Many fiction readers seldom if ever read poetry. There must be devotees of poetry who miss a lot of new short story collections, too (Trueblood’s upcoming publication is a collection of short stories), and a lot of people who love novels don’t give short stories a chance. But is there a reader alive, I ask myself, any lover of writing excellence, who could resist Seven Loves? It’s hard for me to dog-ear books any more, and I’ve kept my copy of Seven Loves pristine for all the years I’ve had it, but the other night, well into the book (p. 130), I finally gave in to temptation.

“That was all right. That was as it must be. Eventually the past went from being cards laid face down to cards not held at all.”

“The gait, all her own, with which Jackie now advanced, awkward yet delicate, like a loaded camel led on a bridle.”

“When Nick died, her way back was as slow as the arrow that never arrived because the distance it was traveling could still be cut in half.”

“Twenty years had taught her to sense the approach of a given scene by its aura, and to stop the drift toward certain occasions of the past. Almost always, if they stirred in their fog she turned back.”

Only a small sample --. The thoughts and impressions of one mind, at different times of life, a rather ordinary life – but oh, how extraordinary the life of that mind’s expressions! May was a teacher for years and after her stroke is thinking back to papers her students wrote. One perennial favorite topic, she recalls while looking through an old encyclopedia, was bees.
She studied the head-on enlargement of the worker bee’s face, the giant badge eyes, blind-looking, innocent. Poor hunched compelled undesiring female. No student had written about that, the sadness of the facial configuration of the bee.
The phrase takes my breath away: “the sadness of the facial configuration of the bee.”

As author and bookseller, Trueblood and I have been in off-and-on e-mail communication since her first book appeared. I seem to remember asking her if she wrote poetry, certain that the answer would be yes, and receiving a negative reply.
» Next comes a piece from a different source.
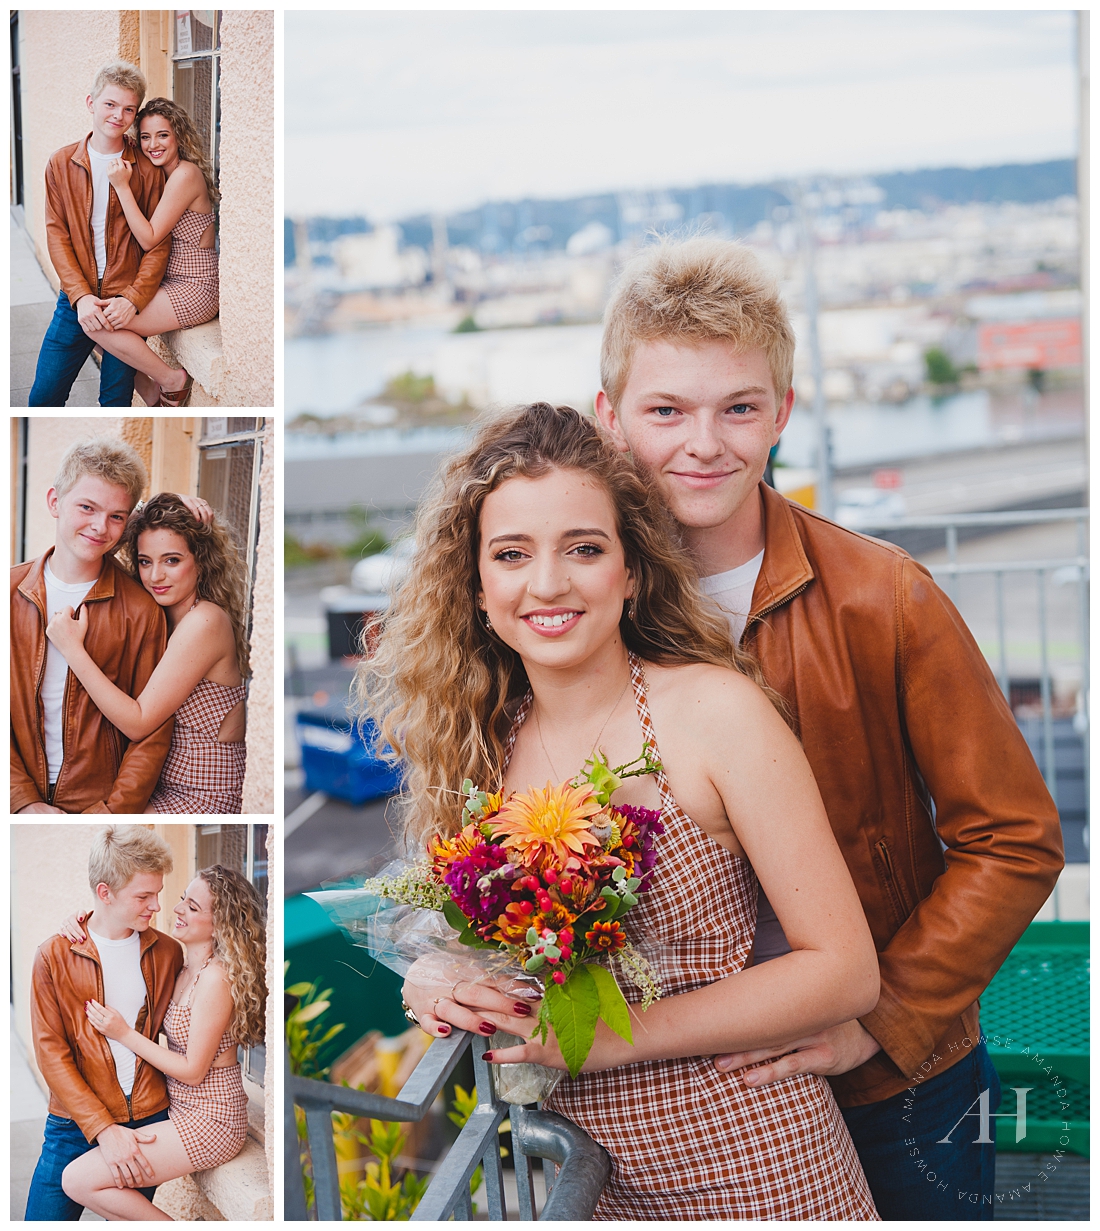 Couple Portraits with Matching Outfits and Fresh Flowers | Amanda Howse Photography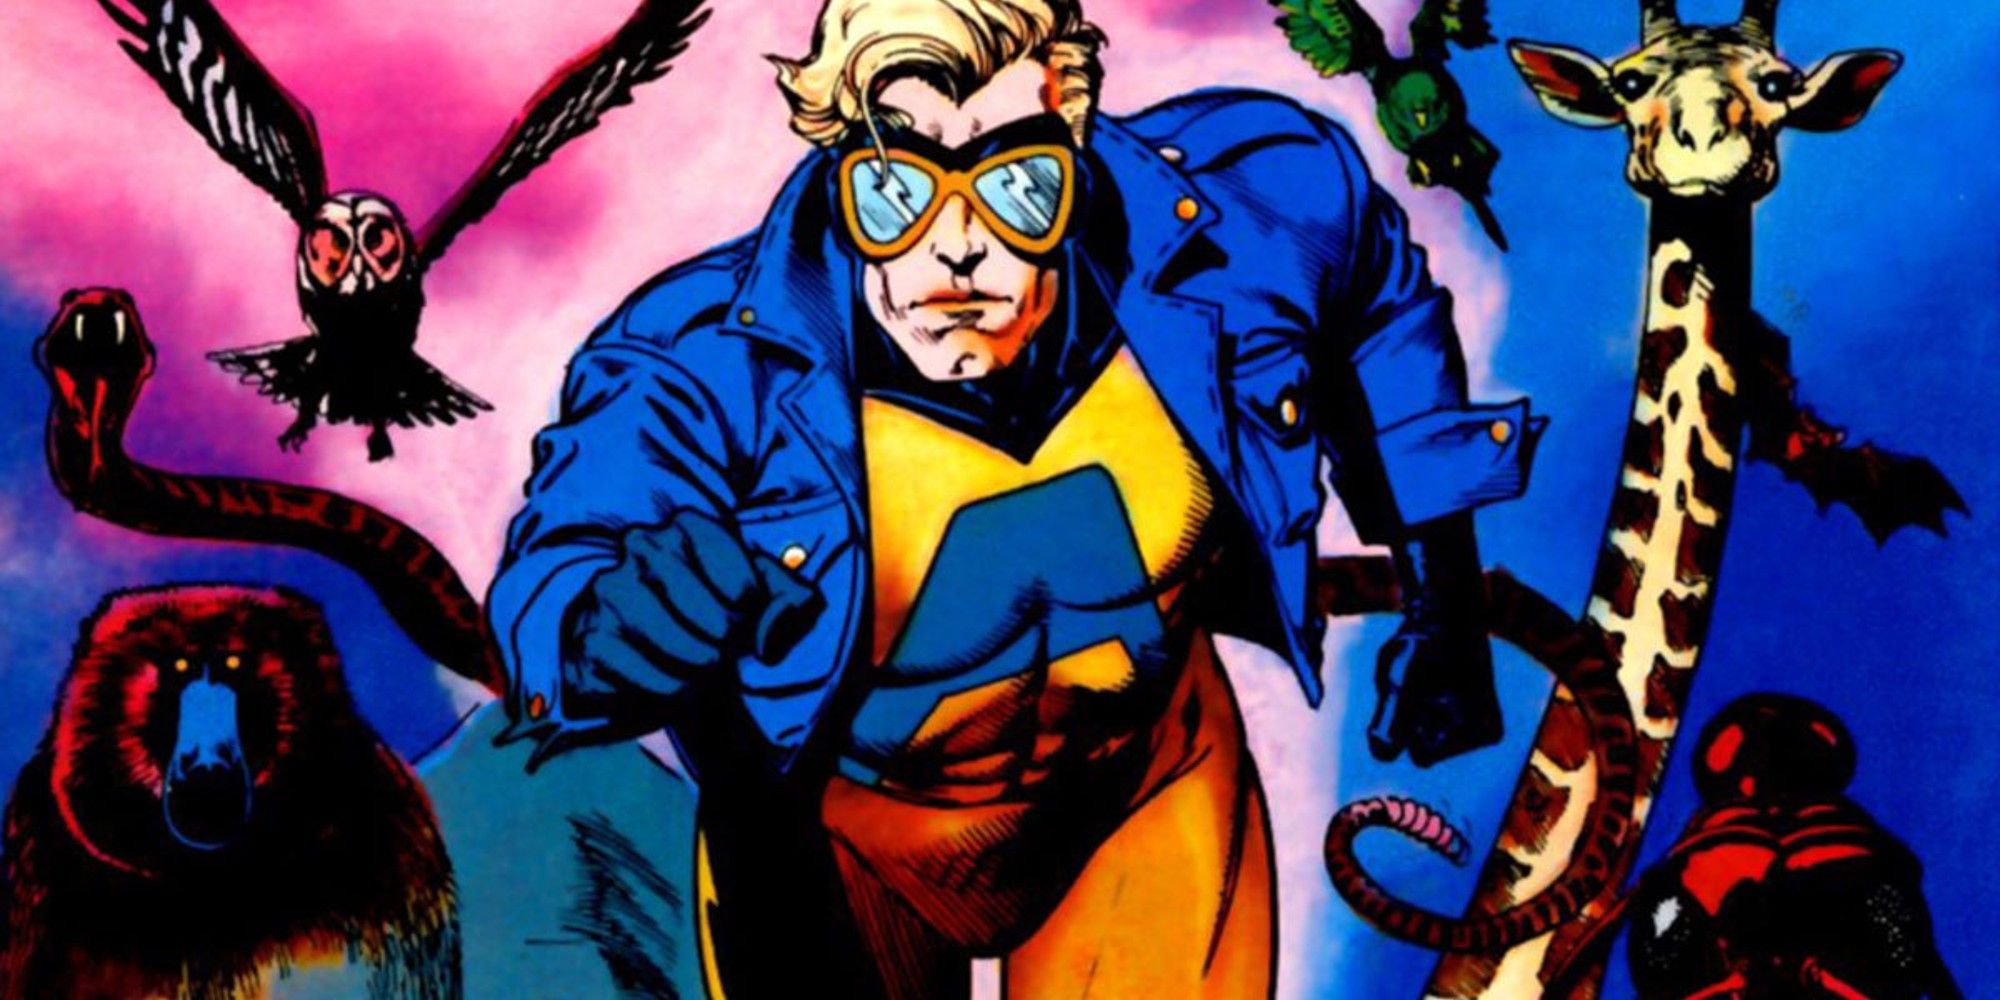 Animal Man in an action pose, with animals following him

Well, in this novel we have May’s entire life, not merely one hushed, distilled moment, set in the middle of a page with wide margins around it -- and yet I read many poems in May’s responses to life.

How many poems are born and die unwritten and unacknowledged in a single mind? Trueblood’s gift to readers of this novel is the preservation of unique moments in her fictional central character’s life.

There was also Marry or Burn between then and now, and you can follow the link to my review of that book. You see why I am impatient for the new one? 

Yes, of course I read new books, too: Every book, if ever to be re-read, must first be read for the first time.


1 comment:

dmarks said...

You might enjoy "Bee Movie" if you like that sort of thing. Plenty of sad put-upon bees in that one.

But come to think of it, I think so many of the average worker bees in it were male. Including Jerry Seinfeld.